J.I. v. Croatia (8.09.2022) is the first European Court of Human Rights case arising from domestic violence against a Roma woman and the second related to sexual violence against a Roma girl. Police were neglectful. The intervener exposed systemic police normalisation, and disregard of, Roma intra-community violence against women.

A procedural violation of Article 3 ECHR was found: repeat victimisation through death threats by a rapist father was not investigated. Recognising J.I.’s ‘particular vulnerability as a Roma woman and a victim of serious sexual offences’, the Court acknowledged that leaving her to fear further assaults was inhuman treatment.

Yet, the Court undermined its intersectional vulnerability recognition by disclaiming discrimination as an issue. It declined to examine whether the victim was neglected based on ethnicity. In a summary fashion characteristic of its covert discrimination jurisprudence, the Court disallowed any issue under Article 14 ECHR without sufficient reasoning. While the judgment is commendable in important respects, it is nevertheless symptomatic of a general fault – discretionary gate-keeping of Article 14, marginalising equality issues.

Facts

J.I. survived multiple rapes by her father. He was imprisoned. Extremely traumatised, suicidal and self-harming, J.I. changed her name, appearance, and domicile.

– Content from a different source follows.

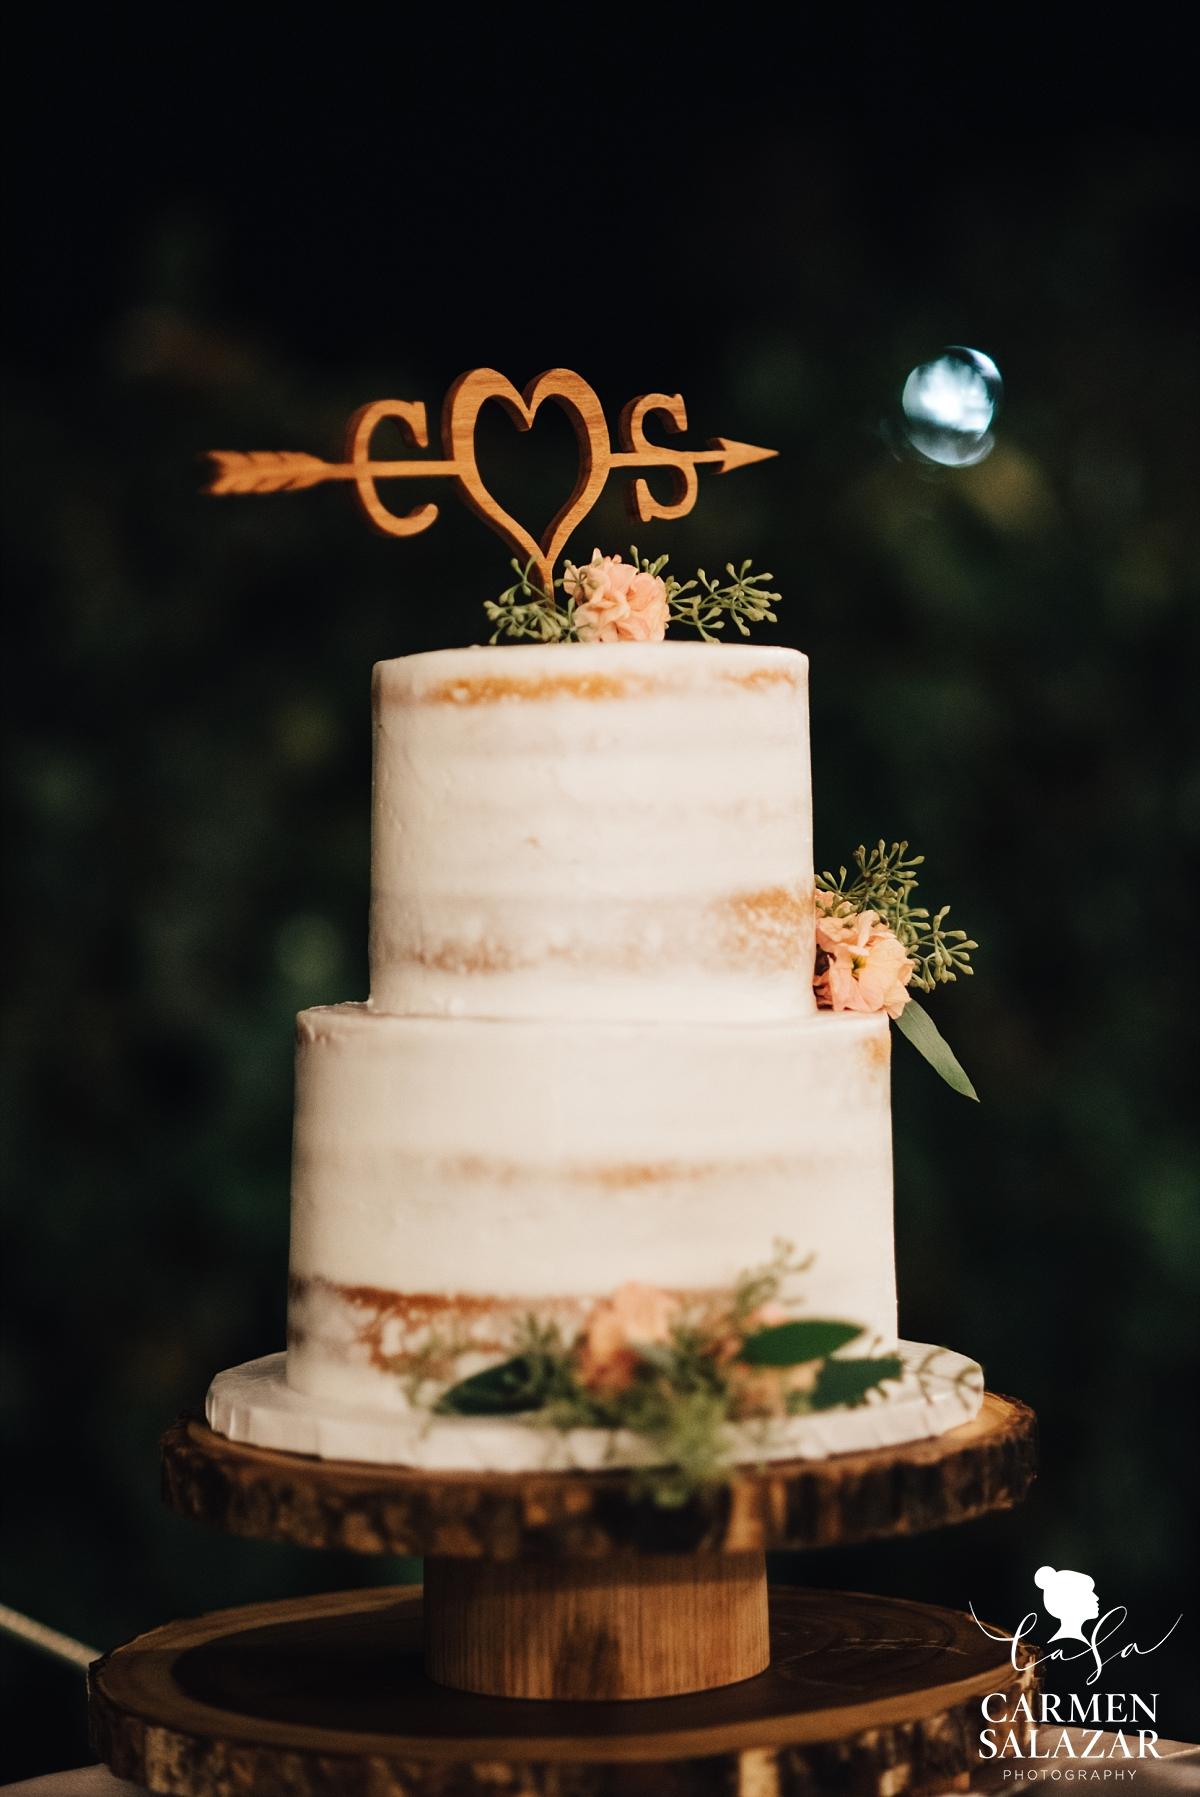 DIY wood cake topper on modern wedding cake - Carmen Salazar

While on leave, her abuser threatened to kill her, through relatives. J.I. repeatedly asked for police protection. None was provided; no investigation ensued. Officers were dismissive. J.I. reported police misconduct. They persisted not investigating the threats, breaching domestic law.

Third party

ERRC submitted that Roma girls/ women are disproportionately targeted for violence against women, while police and other institutions normalise their abuse as inherent to their communities, failing to protect them. Evidence of such police bias is rare. “[B]ecause stereotypes meant that gender-based violence against Roma girls and women was largely ignored, comprehensive data about police failures to protect them would be even harder to produce’. A hypothetical comparator is needed: police withhold the response they would give non-Roma victims. (§74-9)

Judgment

The Court acknowledged J.I. as ‘a highly traumatised young woman of Roma origin […] the victim of appalling sexual abuse by a close family member at a very early age’. (§86)The death threats were psychological violence. Despite not being direct, they caused a vulnerable victim intense fear. (§88) Considering her excessive trauma and feelings of powerlessness facing repeat victimisation, her treatment was inhuman under Article 3. (§89)

A form of domestic violence, the threats triggered investigation duties. (§91) Instead of discharging those, existing also under domestic law, police maintained they could do nothing unless the abuser confronted J.I. (§92) No comprehensive analysis, required in domestic violence cases, was attempted. (§99) No prosecutor was informed, no investigation opened, despite J.I. reporting threats thrice. (§95-6, 100)

The Court did not rule on the failure to protect J.I. from repeat victimisation: there was ‘no need’ to. (§101)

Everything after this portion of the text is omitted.